Reading guidance: Section 2 defines the method formally: the synthetic control weights solve a constrained optimization problem that minimizes the distance between the treated unit's pre-treatment outcomes and the weighted combination of control units' pre-treatment outcomes. The constraint that weights be non-negative and sum to one prevents extrapolation. Section 3 applies the method to California's tobacco program, showing that synthetic California closely tracks actual California from 1970 to 1988 (the pre-treatment period) and then diverges sharply after 1988, estimating a 26% reduction in per-capita cigarette sales attributable to Proposition 99. Section 4 introduces placebo tests — the key inferential tool for synthetic control. By applying the method to each control state as if it were treated, the authors construct a distribution of "placebo effects" and show that California's effect is an extreme outlier, providing a permutation-based p-value.
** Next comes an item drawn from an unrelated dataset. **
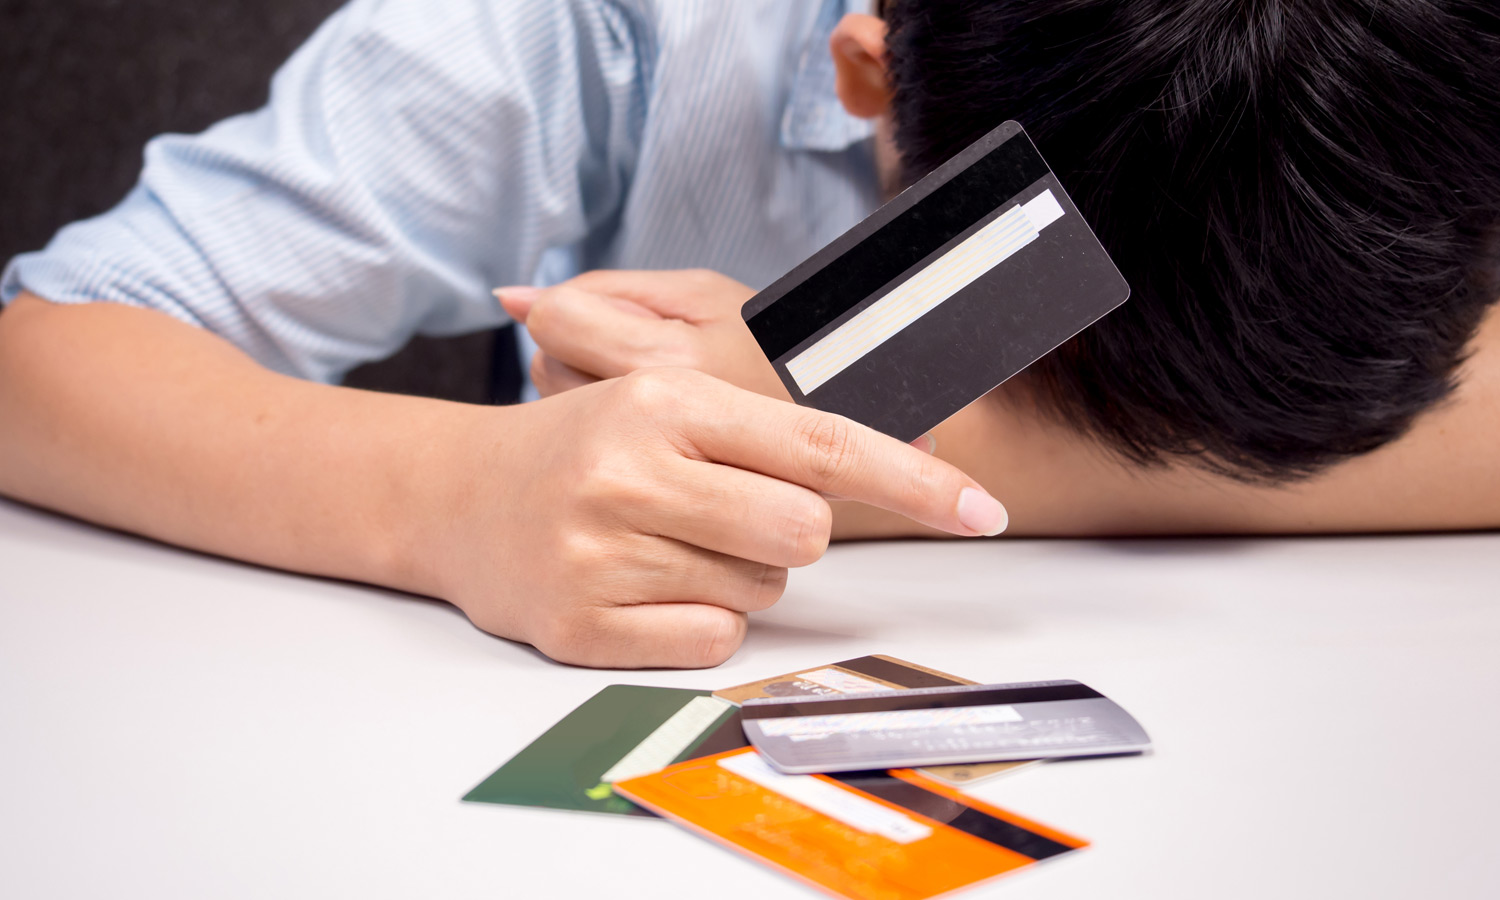 4 วิธีจัดการสินเชื่อปิดบัตรเครดิต ปลดหนี้ง่าย เห็นผลทันใจ | Scb
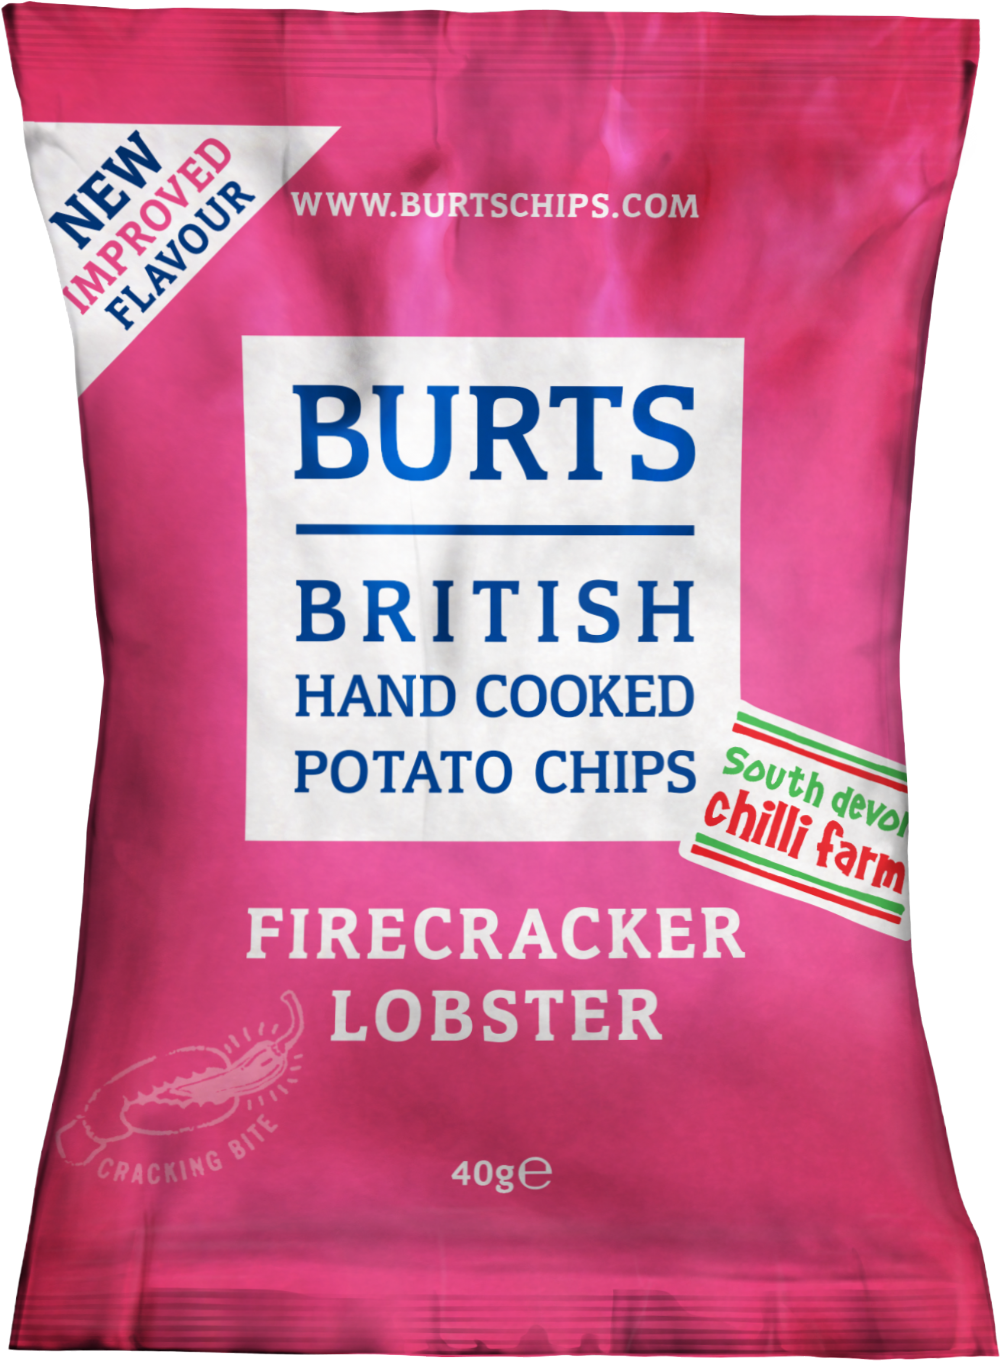 BURTS Potato Chips - Firecracker Lobster 40g

For the extension to multiple treated units, see Abadie and Gardeazabal, "The Economic Costs of Conflict: A Case Study of the Basque Country" (AER, 2003). For the use of synthetic control in tech company geo-experiments, see Brodersen et al., "Inferring Causal Impact Using Bayesian Structural Time-Series Models" (Annals of Applied Statistics, 2015), which implements a Bayesian version of synthetic control in Google's CausalImpact R package. For the application to climate policy evaluation, see Aldy, "The Promise and Problems of Pricing Carbon: Theory and Experience" (Journal of Environment and Development, 2012).